Helping teams eliminate chaos, improve access control, and bring structure to a growing ecosystem of internal and external documentation. We partnered with Tesco’s supply chain division to replace an overloaded Google Drive setup with a robust, role-based document management system tailored for scale, security, and compliance.

Task

Design a centralized system that supports document lifecycle management, with features like automated naming, version control, and permission-based access for internal teams and external partners.

  • Strategy

    Stakeholder Workshops, UX Research, Role-Based Workflow Mapping

  • Design

    UX Design, User Flows, Prototyping, User Testing

  • Client

    Tesco plc, Supply Chain Division, London

  • Industry

    Supply Chain Management

01 // Project Overview

Understanding the Landscape

Tesco’s supply chain and internal departments handled thousands of documents spanning HR policies, supplier files, audits, and compliance materials. Google Drive couldn’t keep up.
There was no version control, no naming consistency, and no way to manage permissions efficiently across teams and external partners.

Key Issues:

  1. Poor user role and permission management

  2. Inefficient document versioning and naming conventions

  3. No structured workflows for approval, requests, or updates

  4. Limited filtering and categorization options

02 // User First

User Stories

We identified three core user groups and designed unique experiences for each:

  1. Admins: Full access to create, edit, archive, and assign documents across teams.
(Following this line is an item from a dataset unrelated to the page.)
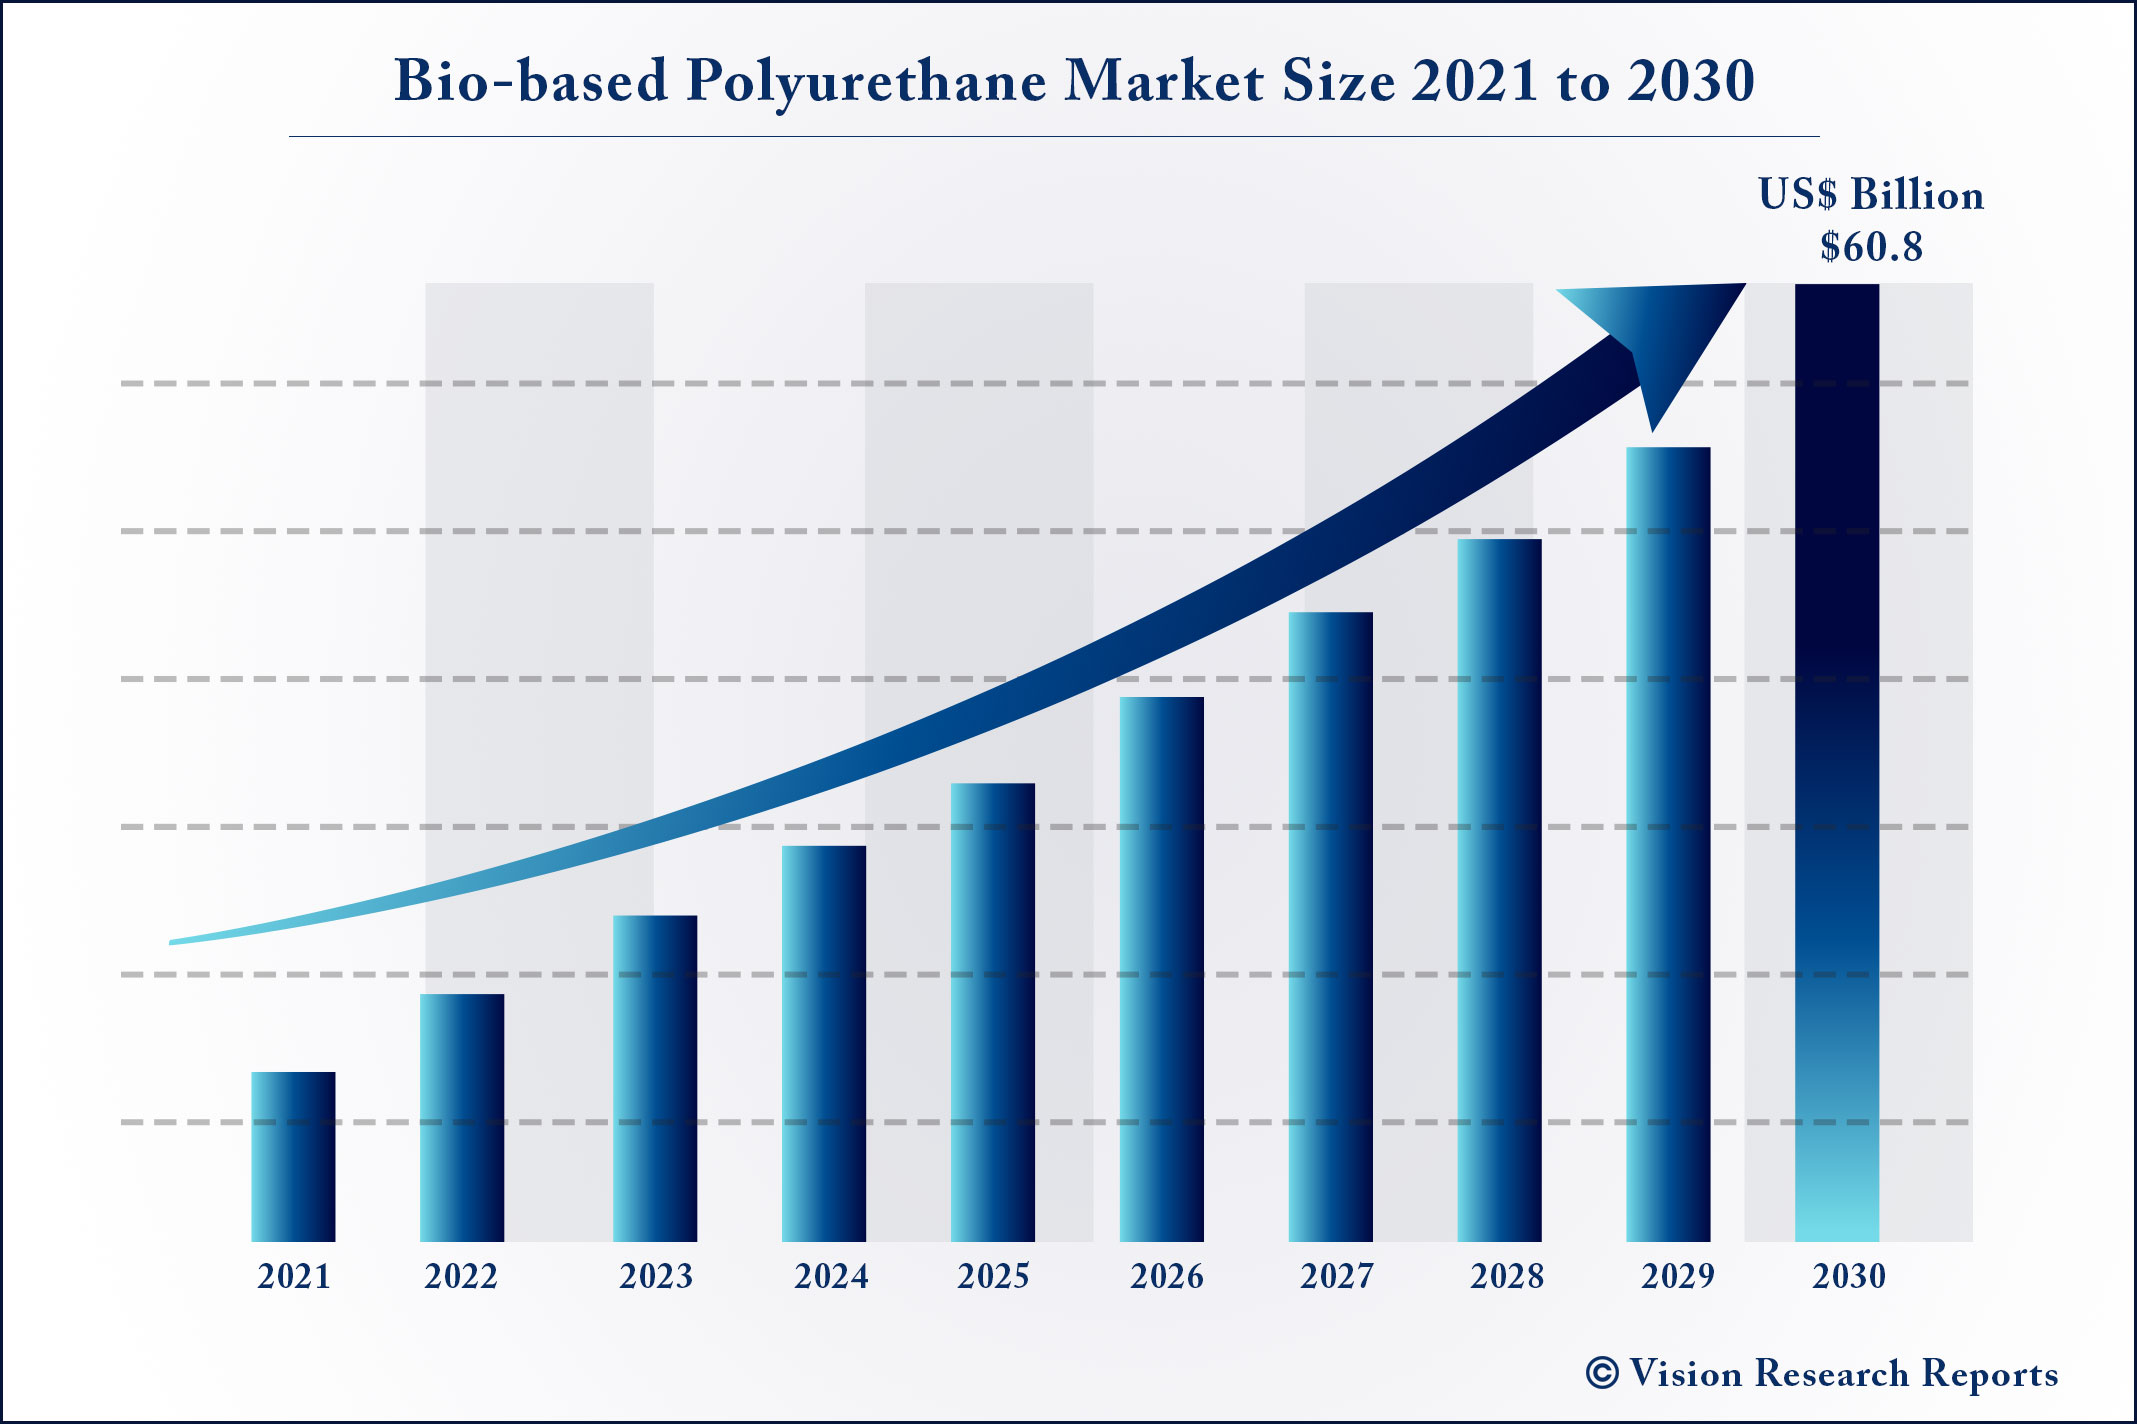 Bio-based Polyurethane Market Size 2021 to 2030

  2. Internal Staff & Suppliers: Access to specific documents by department or role.

  3. External Partners: Restricted to public, non-sensitive documents only.

03 // Userflows

Smart Naming Convention System

Bringing structure to chaos, one filename at a time

One of the biggest pain points for Tesco’s document team was inconsistent naming. With thousands of documents shared across departments and regions, manual naming resulted in duplicates, misfiled content, and poor discoverability.

The Objective

To introduce a system-generated naming structure based on Tesco’s internal taxonomy—ensuring every document is instantly recognizable, searchable, and compliant with organizational standards.

 

How It Works

Documents are automatically named based on 3–5 customizable attributes, selected during the creation phase. These include:

04 // Mockups

Designing the Core: The Candidate Pipeline

The following features were created for the Tesco Global Document team, lead  by the supply chain devisions.

  1. Dashboard

  2. Archive/Trash management

  3. Notifications

  4. Tasks

  5. Version control

  6. Labels & Groups

  7. Comments

  8. Analytics

  9. Auto naming convention system

05 // Outcome

Impack

The new Document Management System for Tesco’s supply chain division replaced the fragmented Google Drive setup with a robust, scalable, and user-friendly platform.

Admins gained fine-grained control over document access, internal teams could easily locate critical files with advanced filters and smart naming conventions, and external partners were provided secure, limited access without risking sensitive information.

Key outcomes included:

  1. 60% faster document retrieval times due to improved navigation, labeling, and versioning.

  2. Enhanced security and compliance with role-based access and controlled document sharing.

  3. Streamlined operations with auto-naming conventions that reduced manual errors and standardized the library.

  4. Increased accountability through integrated request workflows, document task assignments, and activity tracking.

  5. Positive user feedback from internal teams who praised the clarity, consistency, and efficiency of the new system.

By focusing on real-world workflows and simplifying complexity, the system empowered Tesco’s document management team to spend less time hunting files—and more time enabling the business.